With the term “prophecy”, our gaze opens to new horizons. The Liturgy of the Church goes beyond the “conciliar reform” itself (cf. Sacrosanctum Concilium, n. 1), whose aim, in fact, was not primarily to change the rites and the texts, but rather to renew mentalities and to put at the centre of Christian life and ministry the celebration of the Paschal Mystery of Christ.
Unfortunately, perhaps, we too, Pastors and experts, understood the Liturgy as an object to be reformed rather than a subject capable of renewing Christian life, since “A very close and organic bond exists between the renewal of the Liturgy and the renewal of the whole life of the Church. The Church not only acts but also expresses herself in the Liturgy and draws from the Liturgy the strength for her life”. Blessed John Paul II reminds us of this in Vicesimus Quintus Annus, in which the Liturgy is seen as the vibrant heart of all ecclesial activity. And the Servant of God Paul VI, referring to the worship of the Church, affirmed with concise words: “From the lex credendi we pass to the lex orandi, which takes us back to the lux operandi et vivendi” (Address at the ceremony of the Presentation of Candles, 2 February, 1970, ORE, 12 Feb. 1970, p. 2).
The Liturgy, the summit toward which the activity of the Church is directed is at the same time the fount from which all her power flows (cf. Sacrosanctum Concilium, n. 10), with its celebratory universe thus becomes the great educator in the primacy of the faith and of grace.

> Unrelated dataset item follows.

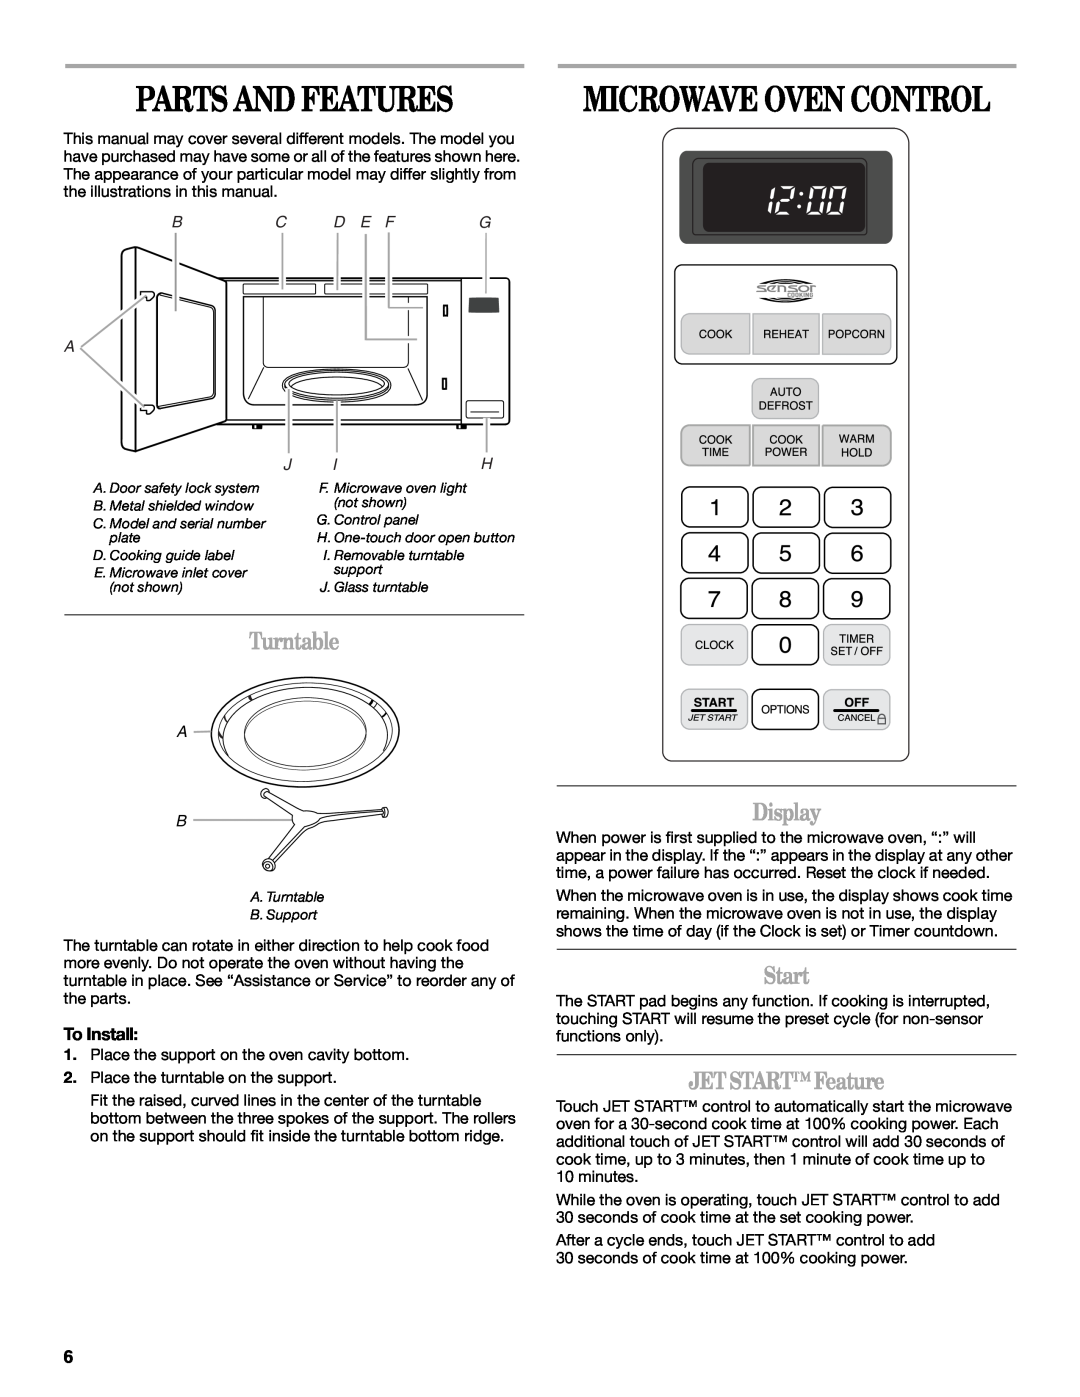 Whirlpool YMT4155SP Parts And Features, Microwave Oven Control, Turntable, Display, Start, JETSTART Feature, D E F, J Ih

The Liturgy, a privileged witness of the living Tradition of the Church, faithful to its original duty to reveal and to make present in the hodie of human vicissitudes the opus Redemptionis, lives on a correct and constant relationship between healthy traditio and legitima progressio, which the conciliar Constitution has made lucidly explicit in n. 23.
In their programme of reform, the Council Fathers wished to maintain an equilibrium between both terms, a balance between the great liturgical tradition of the past and that of the future. Tradition and progress are often clumsily opposed. Actually, the two concepts merge: tradition is a living reality, which therefore includes in itself the principle of development, of progress. It is as if to say that the river of tradition also carries its source in itself and flows towards the outlet.
Dear friends, I trust that this Faculty of Sacred Liturgy will continue its service to the Church with a renewed impetus, in full fidelity to the rich and precious liturgical tradition and the reform desired by the Second Vatican Council, in accordance with the guidelines of Sacrosanctum Concilium and the pronouncements of the Magisterium. The Christian Liturgy is the Liturgy of the promise fulfilled in Christ, but it is also the Liturgy of hope, of the pilgrimage on its way to the transformation of the world, which will take place when God is everything to every one (cf. 1 Cor 15:28).
Through the intercession of the Virgin Mary, Mother of the Church, in communion with the heavenly Church and with the Patrons, St Benedict and St Anselm, I invoke the Apostolic Blessing upon each one. Thank you.